# Shield Mantis folded bad molt



## Dwaink (Aug 19, 2008)

Hi,

i have a L7 shield mantis that looks like she fell while molting, she is just lying in the bottom of the 32oz container, she is still alive just lies their most of the skin is still on her, been 4 days now. I misted hoping it would help i didn't. She Looks like crumpled up piece of paper on the bottom of the container. What will be the outcome?

Regards


----------



## Andrew (Aug 19, 2008)

4 days? She's as good as dead. When a mantis falls during a molt, you have to help them back up to a hanging position immediately, and even then chances are it won't end well. They can't molt just laying there on the floor either.

Sorry.


----------



## Rick (Aug 20, 2008)

L7 and still in a 32 oz deli cup? I move them out of there when they some size to them. If they fall during a molt they are usually as good as dead.


----------



## pohchunyee (Aug 20, 2008)

Erm....................1 of my Giant Shield Mantis just molted into adult female last night in a 32oz cup!
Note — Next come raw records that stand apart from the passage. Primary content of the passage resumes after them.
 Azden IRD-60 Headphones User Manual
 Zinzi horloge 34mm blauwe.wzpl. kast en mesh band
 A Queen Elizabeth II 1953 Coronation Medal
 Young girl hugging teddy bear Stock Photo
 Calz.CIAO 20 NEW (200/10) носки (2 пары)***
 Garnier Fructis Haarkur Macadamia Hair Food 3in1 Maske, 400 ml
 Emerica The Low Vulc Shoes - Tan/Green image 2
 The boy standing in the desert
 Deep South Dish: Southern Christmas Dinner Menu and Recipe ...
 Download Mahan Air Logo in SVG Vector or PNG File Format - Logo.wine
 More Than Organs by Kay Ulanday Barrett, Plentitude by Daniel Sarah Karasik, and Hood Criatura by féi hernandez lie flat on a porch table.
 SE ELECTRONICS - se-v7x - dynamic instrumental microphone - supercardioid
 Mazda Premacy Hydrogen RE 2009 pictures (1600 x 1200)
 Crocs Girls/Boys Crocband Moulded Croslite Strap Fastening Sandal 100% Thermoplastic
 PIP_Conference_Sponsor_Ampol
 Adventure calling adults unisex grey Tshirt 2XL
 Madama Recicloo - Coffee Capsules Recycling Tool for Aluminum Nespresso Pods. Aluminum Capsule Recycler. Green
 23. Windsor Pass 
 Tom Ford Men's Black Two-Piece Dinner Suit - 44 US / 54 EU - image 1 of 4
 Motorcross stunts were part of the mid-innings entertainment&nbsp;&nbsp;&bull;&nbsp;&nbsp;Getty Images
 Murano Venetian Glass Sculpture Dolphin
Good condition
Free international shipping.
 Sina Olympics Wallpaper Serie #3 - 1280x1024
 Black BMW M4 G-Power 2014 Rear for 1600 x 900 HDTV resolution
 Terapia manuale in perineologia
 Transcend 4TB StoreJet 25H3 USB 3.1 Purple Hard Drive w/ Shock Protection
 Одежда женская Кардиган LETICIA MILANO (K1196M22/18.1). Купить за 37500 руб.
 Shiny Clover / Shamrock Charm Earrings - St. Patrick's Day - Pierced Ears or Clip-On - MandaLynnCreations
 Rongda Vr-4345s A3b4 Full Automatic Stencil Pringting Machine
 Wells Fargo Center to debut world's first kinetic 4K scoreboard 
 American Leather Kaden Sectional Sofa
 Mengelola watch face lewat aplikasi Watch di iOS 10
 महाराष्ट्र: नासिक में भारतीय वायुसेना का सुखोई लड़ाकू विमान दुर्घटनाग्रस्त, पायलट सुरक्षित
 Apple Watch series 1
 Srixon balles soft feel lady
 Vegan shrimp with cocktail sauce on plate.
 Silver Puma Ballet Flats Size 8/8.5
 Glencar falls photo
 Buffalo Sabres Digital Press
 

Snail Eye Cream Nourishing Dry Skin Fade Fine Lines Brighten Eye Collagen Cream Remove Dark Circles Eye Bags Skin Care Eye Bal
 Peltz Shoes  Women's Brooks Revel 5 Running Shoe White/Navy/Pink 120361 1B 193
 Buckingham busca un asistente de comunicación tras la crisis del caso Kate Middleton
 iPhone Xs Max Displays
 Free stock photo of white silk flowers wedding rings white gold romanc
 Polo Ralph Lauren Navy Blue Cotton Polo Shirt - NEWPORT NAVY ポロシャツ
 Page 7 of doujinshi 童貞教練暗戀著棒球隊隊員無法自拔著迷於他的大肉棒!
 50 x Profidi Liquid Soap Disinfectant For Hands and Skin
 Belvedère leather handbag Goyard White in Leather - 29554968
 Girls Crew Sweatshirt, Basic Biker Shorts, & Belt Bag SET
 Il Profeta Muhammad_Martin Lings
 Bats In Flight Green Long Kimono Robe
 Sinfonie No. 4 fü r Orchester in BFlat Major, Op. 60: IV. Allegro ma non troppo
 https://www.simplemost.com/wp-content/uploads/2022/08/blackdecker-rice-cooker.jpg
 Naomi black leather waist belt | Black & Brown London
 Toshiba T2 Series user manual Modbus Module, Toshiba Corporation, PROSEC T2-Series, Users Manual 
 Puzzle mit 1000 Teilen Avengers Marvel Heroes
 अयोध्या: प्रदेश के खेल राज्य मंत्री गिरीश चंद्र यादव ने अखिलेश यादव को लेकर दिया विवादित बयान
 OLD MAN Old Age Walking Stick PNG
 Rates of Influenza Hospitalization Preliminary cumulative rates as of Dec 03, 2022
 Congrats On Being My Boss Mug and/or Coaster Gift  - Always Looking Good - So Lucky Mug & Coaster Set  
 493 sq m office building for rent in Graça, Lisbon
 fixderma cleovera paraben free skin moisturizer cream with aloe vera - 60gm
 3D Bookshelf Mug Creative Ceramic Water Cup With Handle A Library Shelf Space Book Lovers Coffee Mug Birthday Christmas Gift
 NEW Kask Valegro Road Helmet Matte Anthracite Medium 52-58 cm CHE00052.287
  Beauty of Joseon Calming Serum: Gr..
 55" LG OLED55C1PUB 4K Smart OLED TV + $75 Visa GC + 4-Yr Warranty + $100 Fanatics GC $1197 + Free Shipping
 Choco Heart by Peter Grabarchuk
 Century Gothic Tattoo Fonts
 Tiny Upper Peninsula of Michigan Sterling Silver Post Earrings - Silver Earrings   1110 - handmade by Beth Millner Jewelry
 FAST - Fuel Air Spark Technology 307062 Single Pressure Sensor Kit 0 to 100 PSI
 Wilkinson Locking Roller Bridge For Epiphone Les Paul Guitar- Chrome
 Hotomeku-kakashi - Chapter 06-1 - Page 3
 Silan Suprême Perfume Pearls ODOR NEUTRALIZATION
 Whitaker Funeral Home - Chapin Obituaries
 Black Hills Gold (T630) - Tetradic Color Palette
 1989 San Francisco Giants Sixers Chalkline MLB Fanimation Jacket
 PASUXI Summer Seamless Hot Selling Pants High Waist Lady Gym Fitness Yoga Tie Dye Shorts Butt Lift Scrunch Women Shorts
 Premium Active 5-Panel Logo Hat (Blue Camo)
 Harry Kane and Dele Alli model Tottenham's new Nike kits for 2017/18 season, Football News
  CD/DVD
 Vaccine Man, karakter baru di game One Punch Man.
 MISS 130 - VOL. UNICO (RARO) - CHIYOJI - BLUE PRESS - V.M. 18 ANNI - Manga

My L6 just molted into L7 this morning in a 32oz cup too. I have no trouble for them to molt. However I glued some plastic mesh on the top of the lip instead of using the aluminum mesh. They tends to hold on better on the plastic mesh and molted perfectly!!!

Here are some picture and a video of the molt.

Picture #1: Shed exoskeleton

Shed Exoskeleton

Picture #2: Shedding Almost Complete

Shedding Almost Complete

Short Video #1: Shedding Process (I know it is a taboo to disturb them while molting; but I can't control myself!!!) I was recording and my phone rang!!!

Shedding Process

I have another 40 minutes long video of her molting....LOL... this will make people fell asleep watching!!!


----------



## The_Asa (Aug 20, 2008)

40 minutes is not a typical molt time.


----------



## idolomantis (Aug 20, 2008)

sometimes they just molt slow. the bigger the longer.


----------



## Rick (Aug 20, 2008)

pohchunyee said:


> Erm....................1 of my Giant Shield Mantis just molted into adult female last night in a 32oz cup! My L6 just molted into L7 this morning in a 32oz cup too. I have no trouble for them to molt. However I glued some plastic mesh on the top of the lip instead of using the aluminum mesh. They tends to hold on better on the plastic mesh and molted perfectly!!!Here are some picture and a video of the molt.
> 
> Picture #1: Shed exoskeleton
> 
> ...


Your cups must be larger than mine. No way would I think an adult could molt out in one of these.


----------



## The_Asa (Aug 20, 2008)

Yeah, the adults barely fit inside a 32 ounce container.


----------